Alternative financing for mining: feast or famine?

Metals and Mining
Middle East & Africa, Americas, Asia-Pacific, Europe
The mining industry is suffering after a decade of underinvestment. Macroeconomic pressures have further reduced a pool of money that was already limited. These issues seem to fly in the face of the received wisdom on the world’s urgent demand for metal, so what options are available to prospective miners fundraising today?

In the world of M&A, the mining industry is set for a feast. That’s the mantra for Glencore CEO Gary Nagle as he leads his firm’s efforts to woo shareholders of Teck Resources ahead of a proposed merger. So far, the Canadian miner has held firm despite Glencore’s efforts to sweeten the deal with cash incentives for those investors looking to avoid exposure to its sizeable thermal coal business. The pressure ratcheted up a notch when Teck shareholders rejected the board’s own plan to separate its copper and coal businesses, and now Canadian investors and government officials have now called for Teck to remain a fully Canadian business. Teck has been left in limbo, and observers will wait expectantly for all sides to return with reconsidered proposals soon.

Mergers and acquisitions are nothing new in mining, and Glencore’s bid for Teck is not even the biggest deal this week.
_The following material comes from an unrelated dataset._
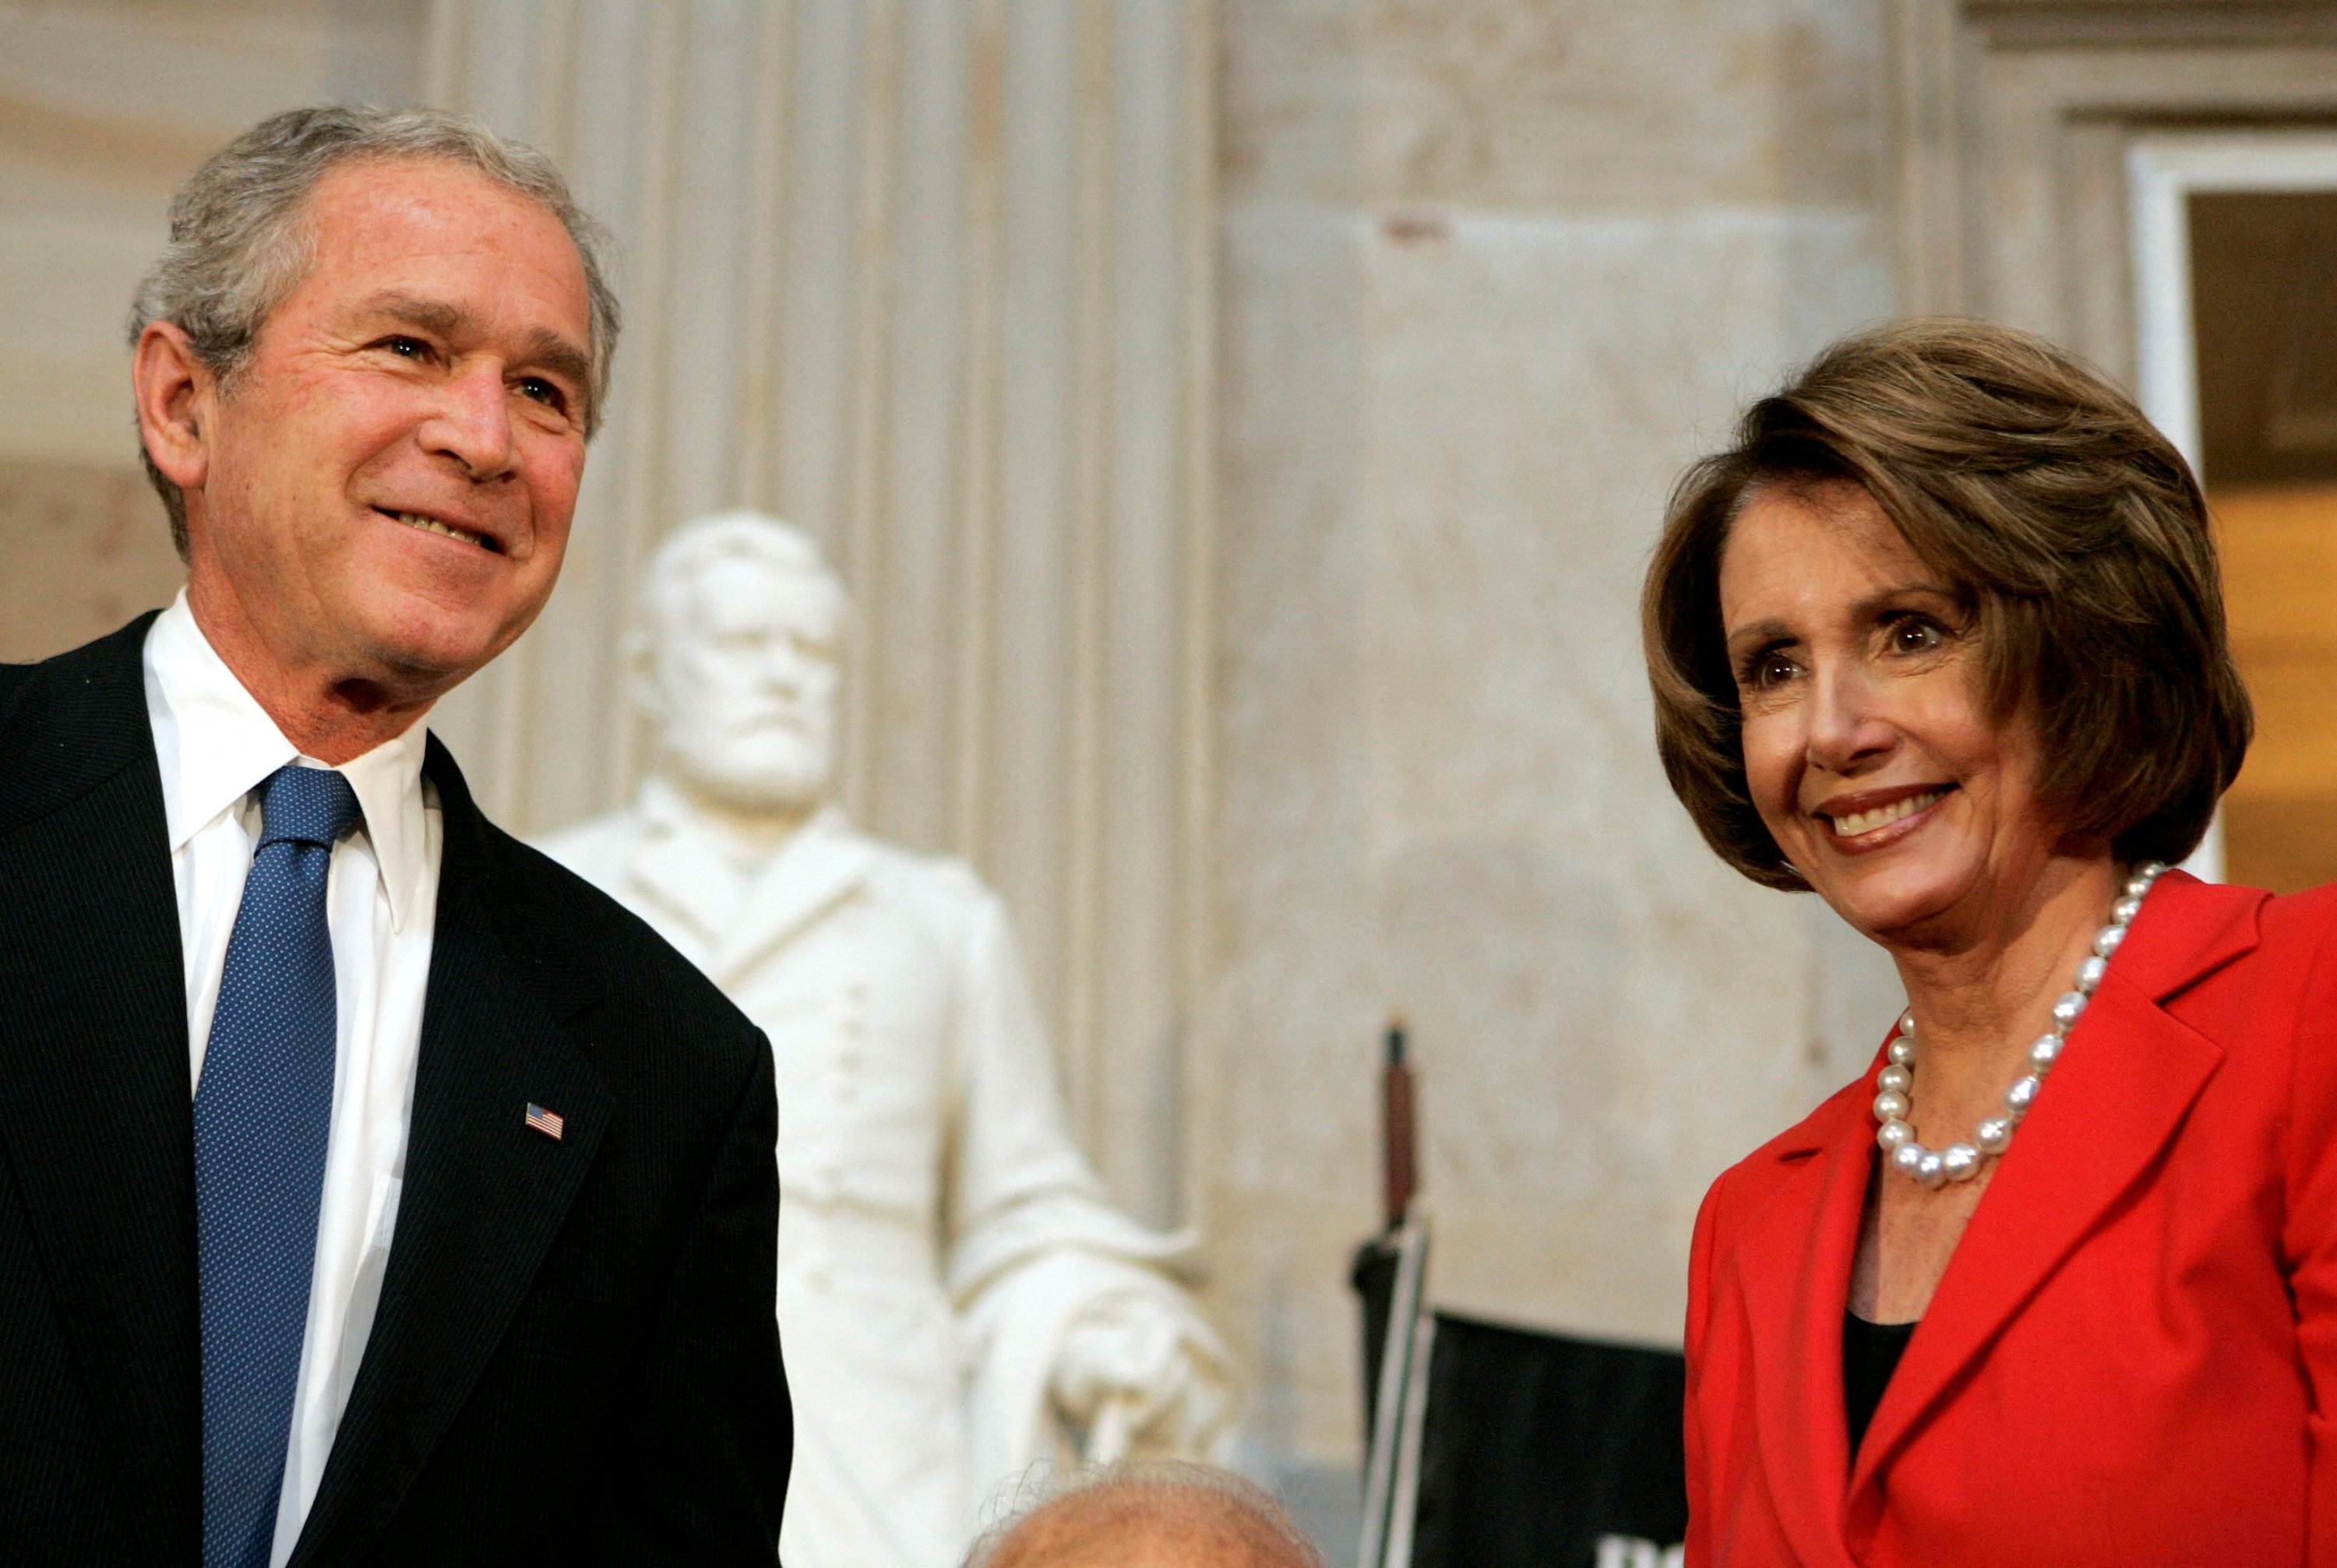 U.S. President George W. Bush (L) and Speaker of the House Nancy Pelosi attend the Congressional Gold Medal ceremony awarding the nation's highest civilian honor to Dr. Michael Ellis DeBakey (not pictured) in the capitol rotunda on Capitol Hill in Washington, U.S., April 23, 2008. (Reuters File Photo)

Newcrest Mining has announced that it will accept a takeover bid from Newmont in a move that will create the world’s largest gold miner by some distance. Consolidation is on the rise once again as the mining majors sense another metals boom, fuelled by demand for battery-grade minerals. The only problem is that investment in new mines has continued to stagnate as junior players are left to carry the burden of exploration. Both opportunities and risks will likely abound over the coming years as states look to boost their investment in critical minerals, but for now investment in new upstream projects is still reliant on a prohibitively complex mix of project financing and alternative funds. If projected demand is to be met, more must be done to support new sources of supply.

The energy transition demands metal, and metal demands mining. This much has been well-documented in recent years as the developed world turns towards battery technology. In theory, the economic benefits of investing in new mineral deposits should be clear, especially given the recent developments in critical mineral policies in the US and the EU. However, the realities of opening a mine are rarely so clear cut. It is always important to remember that the mining industry is really a collection of very different sectors, each of which are driven by very different economic drivers. Consequently, the financing prospects of a new mine can vary wildly depending on the nature of the product and the location of the site. For a prospective miner, particularly one that cannot fund projects on its own balance sheet, it is essential that they understand the different funding options available to them.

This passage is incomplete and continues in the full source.